Aravan tomó una mezclada tripulación de humanos y drimmen, aparte de dos o tres waerlings, y se hizo a la mar.

Se dice que recorrió todos los mares y llegó a conocerlos como nadie. Incluso hay quien afirma que navegó por el mundo entero, visitando exóticos y remotos países, en los que en ocasiones permaneció anclado durante años o, según algunos, siglos, explorando tierras, ya que él, como elfo, disponía de tiempo suficiente. No obstante, parece ser que también volvía con frecuencia a Arbalin para cambiar de tripulación, si era preciso. Y que traía consigo una carga original y maravillosa: collares de conchas, gemas desconocidas, rollos de seda y cosas por el estilo, aves singulares y otros animales raros, así como también algún forastero; frutas y semillas, judías y granos, especias y tés; jades, marfiles, opalescentes piedras preciosas, esmeraldas, plata y oro… Todo eso y mucho más llevaba el Eroean de los más distantes países a los insaciables mercados de Arbalin.

Además, el elfo poseía mapas y cartas marinas de todo el mundo, tanto de continentes como de islas, del oeste y del sur, del este y del norte, así como de todos los lugares intermedios, salvajes unos y civilizados otros, convertidos en naciones independientes. Nadie se explicaba cómo Aravan sabía mantenerse alejado del borde del mundo, pero lo cierto era que él seguía vivo y, de cuando en cuando, regresaba a puerto con su tripulación.

Una vez en casa, la dotación formada por marineros humanos, guerreros drimmen y exploradores waerlings explicaban aventuras que superaban los más audaces sueños: habían visto templos y tribus y horribles criaturas; opulentas ciudades, potentados cubiertos de joyas y mujeres —y otras hembras— de sorprendente belleza; oscuras selvas vírgenes, gélidos desiertos y montañas tan altas que desaparecían entre las nubes; ríos sin fin, mortales yermos e islas semejantes a alhajas en medio del mar; océanos y más océanos, bullentes y helados, con espantosos monstruos en ellos; cosas encantadoras y maravillosas; seres extraños; solitarias ciudades habitadas por fantasmas; estatuas vivientes y apariciones peores… Todo eso y mucho más era lo que explicaban, para delicia y asombro de los oyentes. Aseguraban haber navegado por el mundo entero en el Eroean, mas… ¿quién podía creerlos? Sin duda exageraban, y cuanto contaban debía de ser fruto de su desatada imaginación.

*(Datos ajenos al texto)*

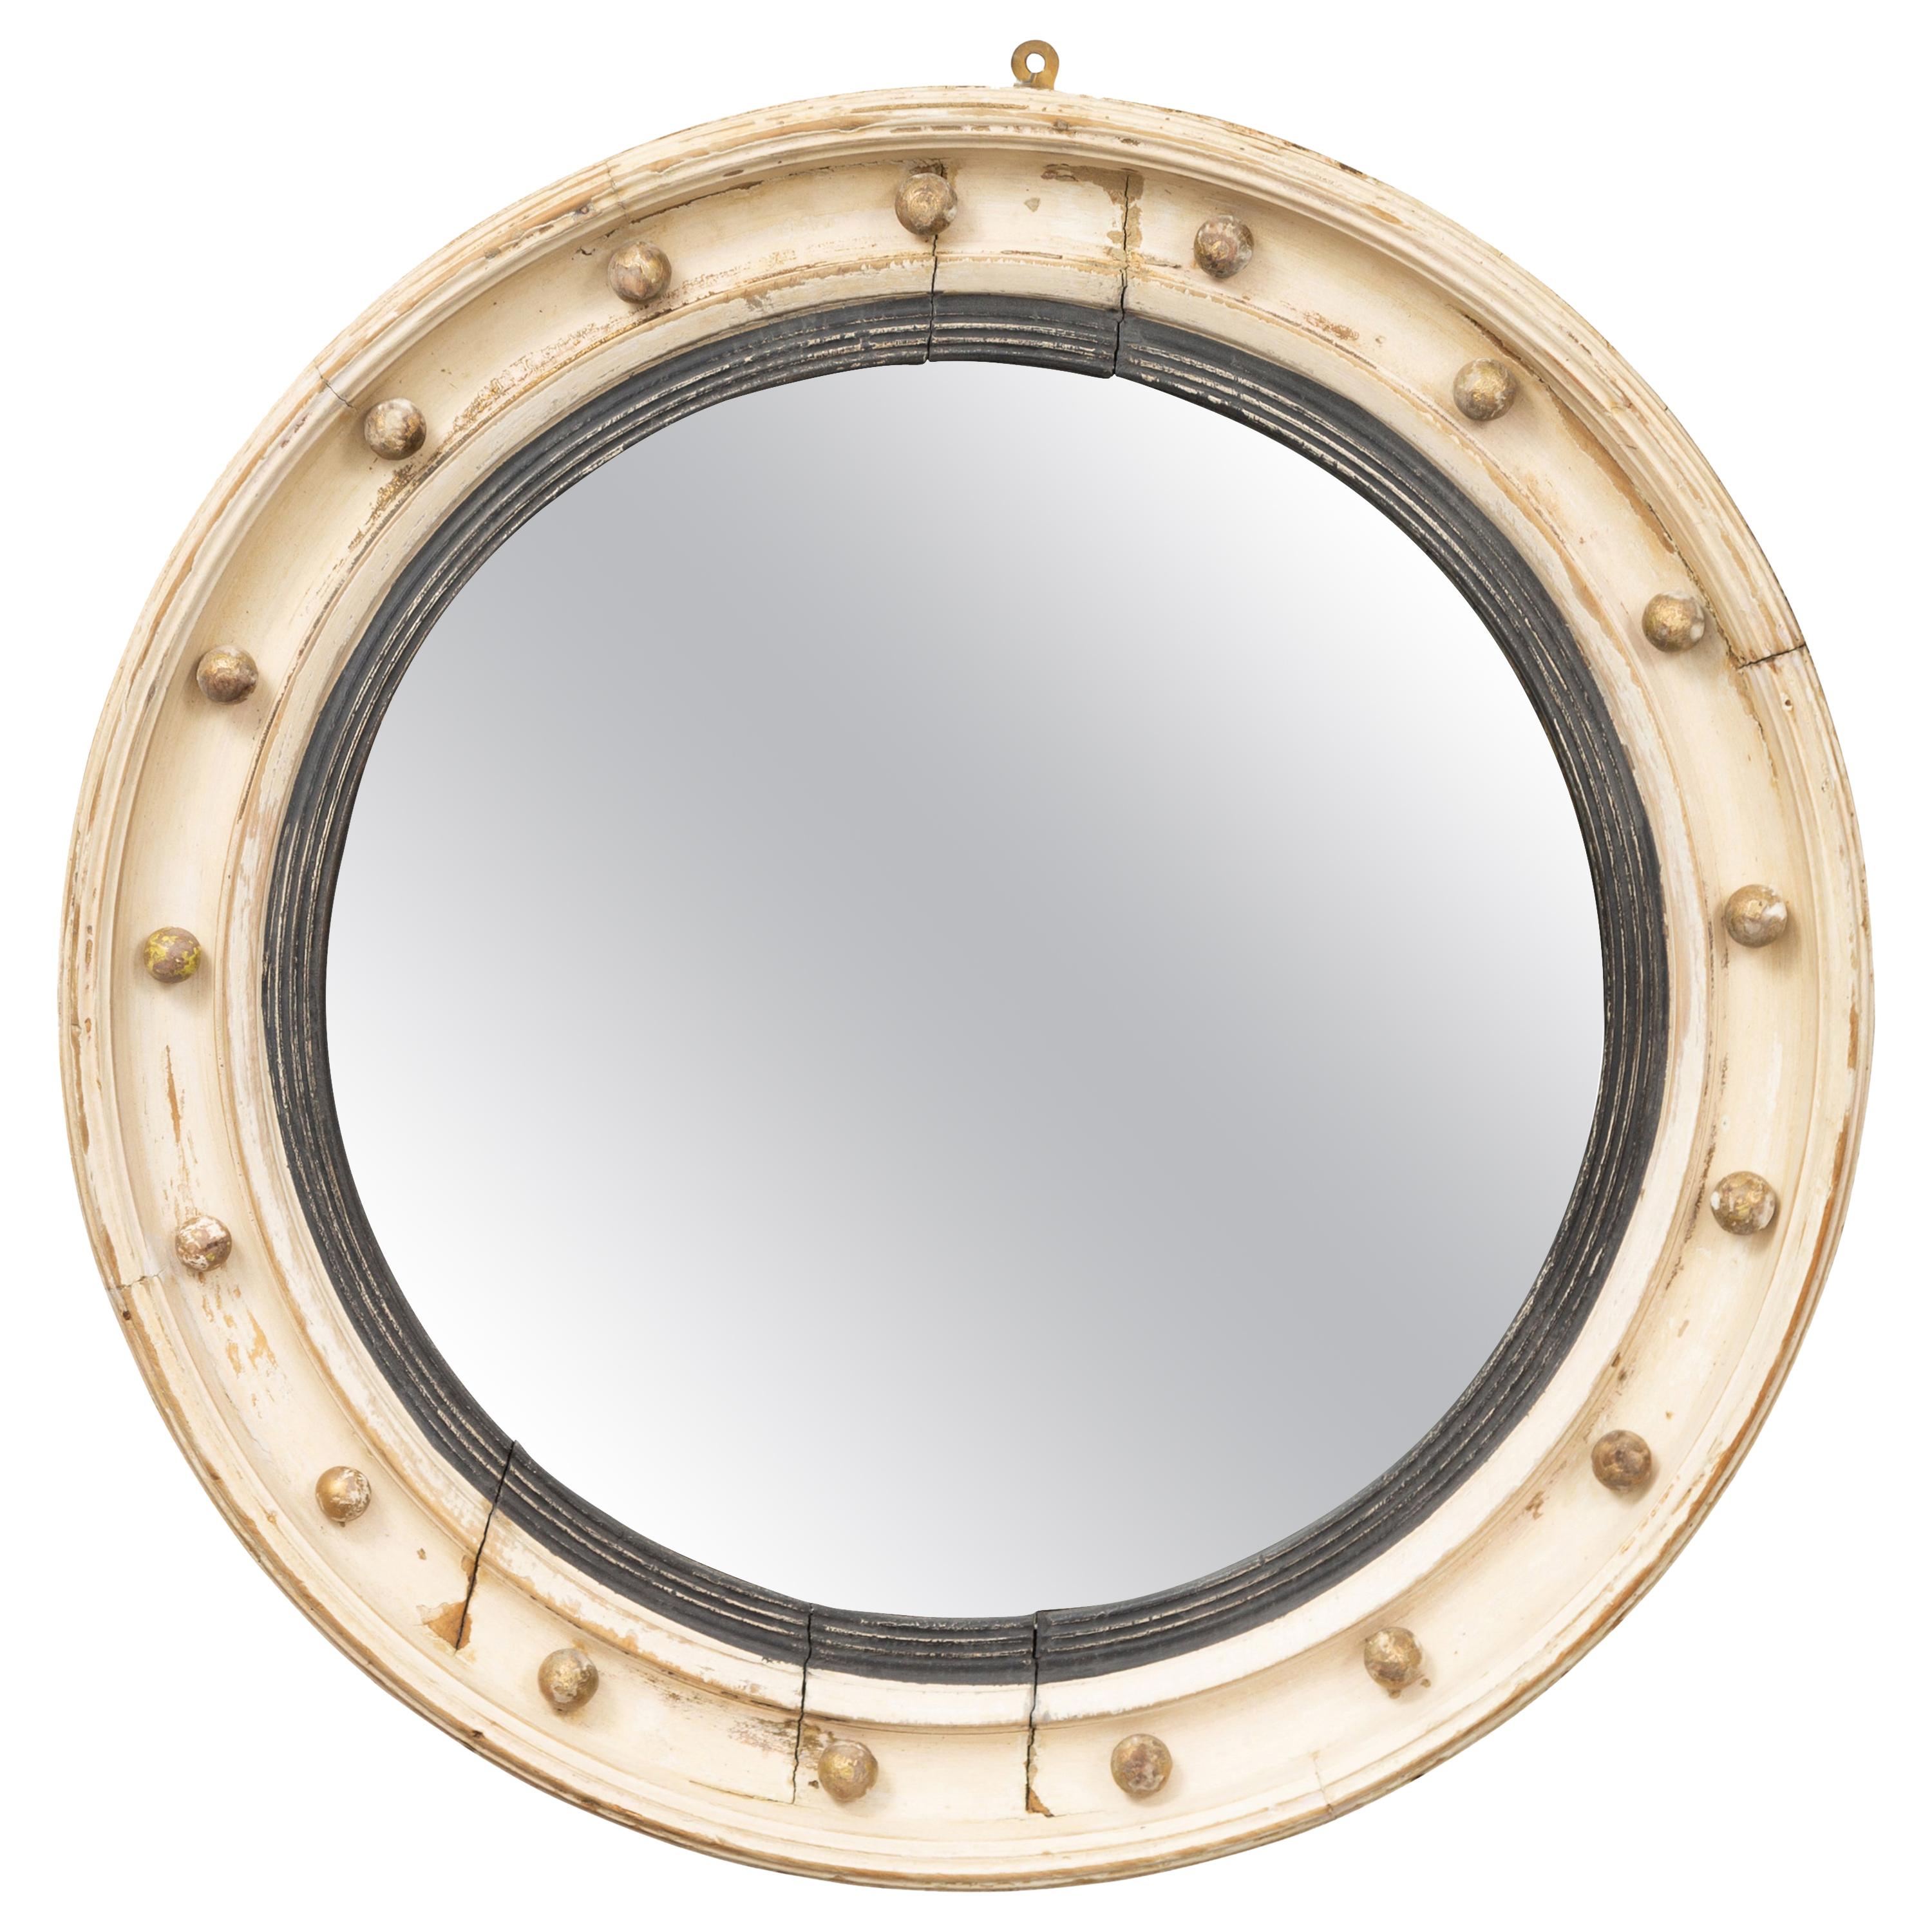 English 1870s Painted Wood Convex Bullseye Mirror with Ebonized Accents

De la velocidad del Eroean no cabía duda, porque mostraba su popa a más de un mercante y también a muchos barcos piratas y, a toda vela, el garboso barco se ladeaba impulsado por una fuerte brisa con Aravan al timón. Este reía al comprobar cómo la rauda nave surcaba las aguas sin dejar apenas estela, porque era un barco creado por un elfo —un barco encantado, como sospechaban muchos—, diferente de todo lo visto e irrepetible.

Dos o tres mil años viajó Aravan por el mundo en su Eroean, hasta que un día dejó de hacerlo y el barco desapareció de las aguas. ¿Por qué? No se sabe, aunque hay quien dice que fue a causa de un amor desgraciado, mientras que otros afirmaban que la nave se había hundido en un remolino, y que Aravan no volvería a navegar. Pero no faltaba quien creyera que el Eroean seguía en alta mar, envuelto su aparejo en un mágico fuego verde y sin dejar de cruzar los mares, tripulado por fantasmas. Sea verdad o no una de estas historias, la cosa es que Aravan abandonó la navegación y se retiró a Darda Erynian para vivir con los elfos.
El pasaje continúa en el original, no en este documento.